Former British prime minister Theresa May summarised the attitude of the British public to illegal immigration in her recent bio, The Abuse of Power, writing: “The public generally objected to the fact that people could come to the UK illegally, yet carry on living here with jobs, homes, bank accounts. They could not understand how this was possible.” She went on to document the various measures attempted over the years, with an important qualification: “So through all of this we are on the one hand a group of people who made their lives here, contributed to our economy and society, brought up their families here, who were British and saw no reason why anyone should question that; and on the other hand, successive governments of all parties introducing increasingly tight rules and not realising in doing this that their actions could have a devastating impact on those who were here legally but did not have anything from the government to prove it.”

May’s book provides useful background to the adoption of the desperate Rwanda solution. Indeed, recently the UK has been attracted to the so-called Australian solution, with a points-based immigration assessment system and offshore detention. At first blush, the focus on Rwanda seems ridiculous, even though Rwanda has a history of hosting asylum seekers, yet the idea of “out of sight, out of mind” is politically appealing to some, as well as the disincentive of ending up in Rwanda.

Under the scheme, no asylum seeker can apply to return to Britain. They could ask to have their claims assessed and processed in Rwanda and if successful be granted refugee status and allowed to stay there. If not, they could apply to settle in Rwanda on other grounds or seek asylum in another “safe third country”.

Hear the echoes of John Howard and Tony Abbott? Britain reserves the right to, as Howard put it in 2001, “decide who comes to this country and the circumstances in which they come”.

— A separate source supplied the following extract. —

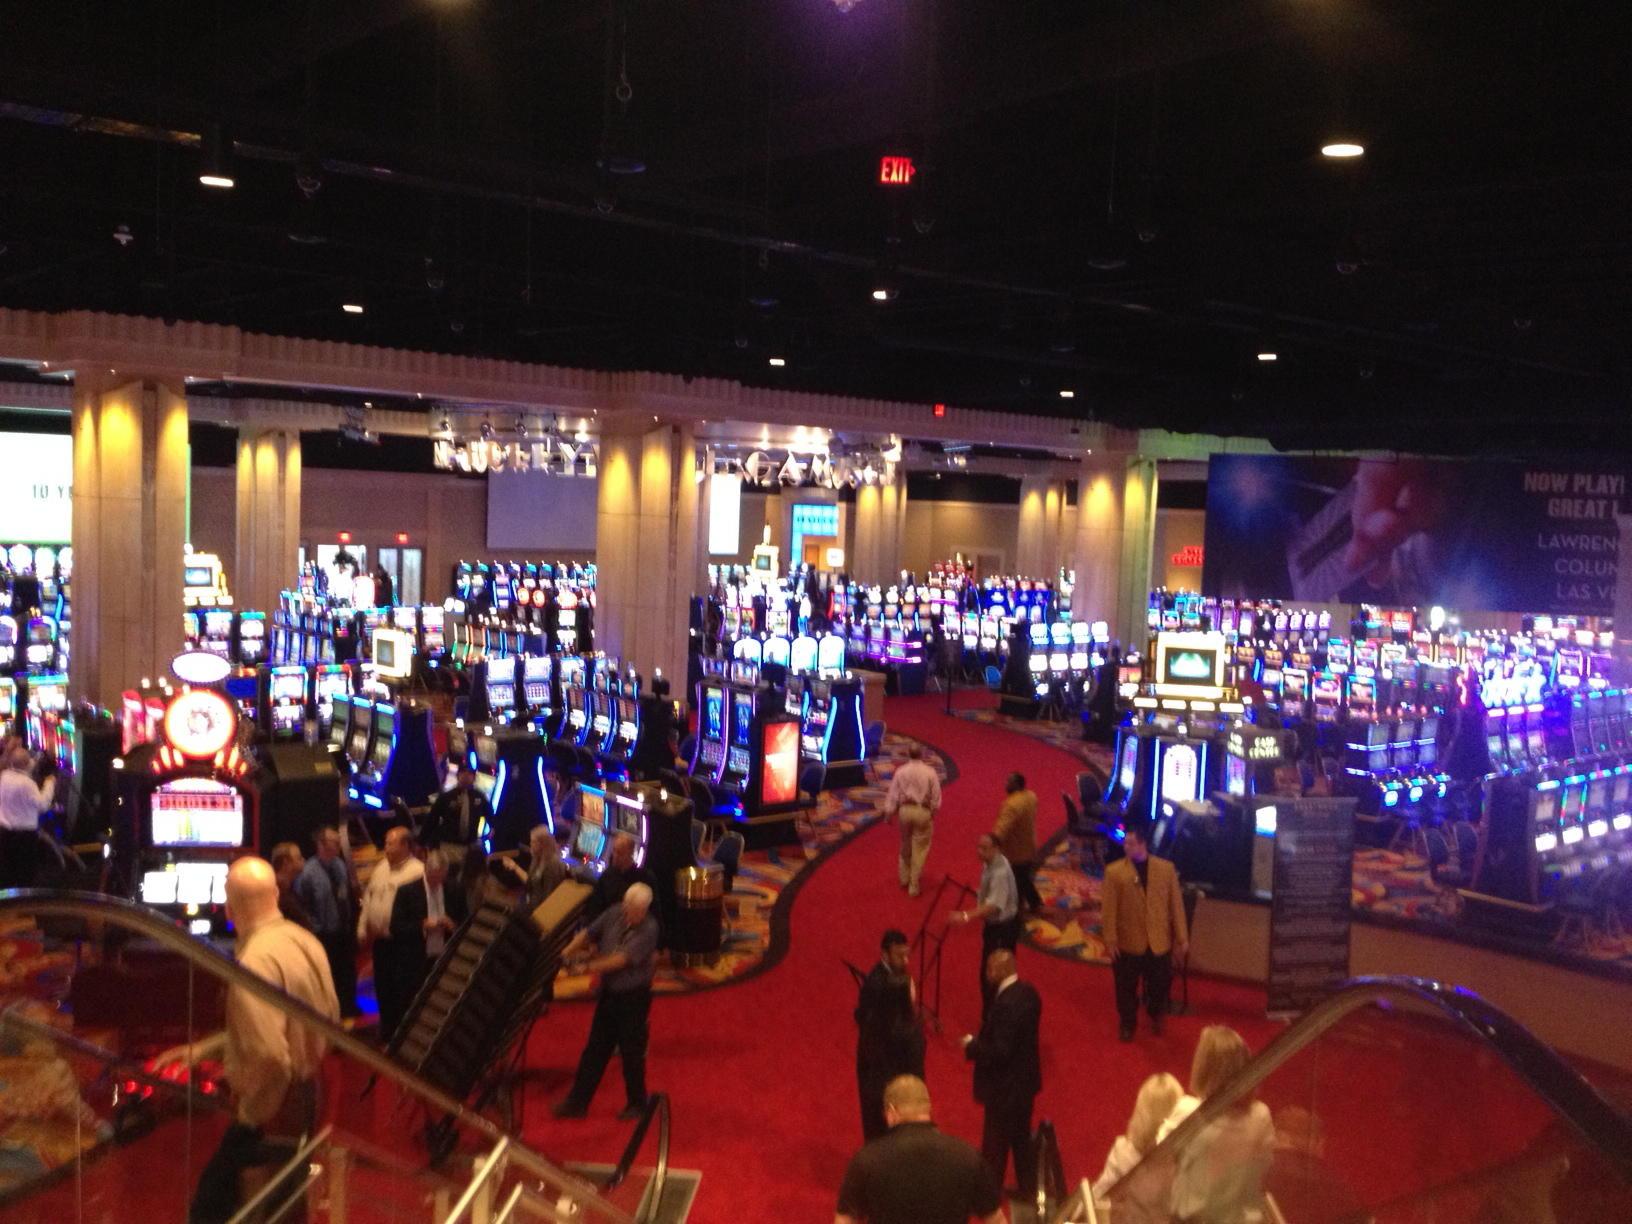 Dayton Raceway Casino

While I am sure that many in the Coalition would arrogantly be proud that their asylum-seeker policy is now setting the pace in European and British discussions, I can’t help but feel some embarrassment for our nation about the fundamental inhumanity of the approach. This embarrassment is compounded by the fact governments here never “completed” their obligations: they failed to negotiate a resettlement agreement with source, transit and destination countries to give these mostly desperate refugees a realistic hope for their future. This cruel, incomplete system is now being tried on by the rest of the world.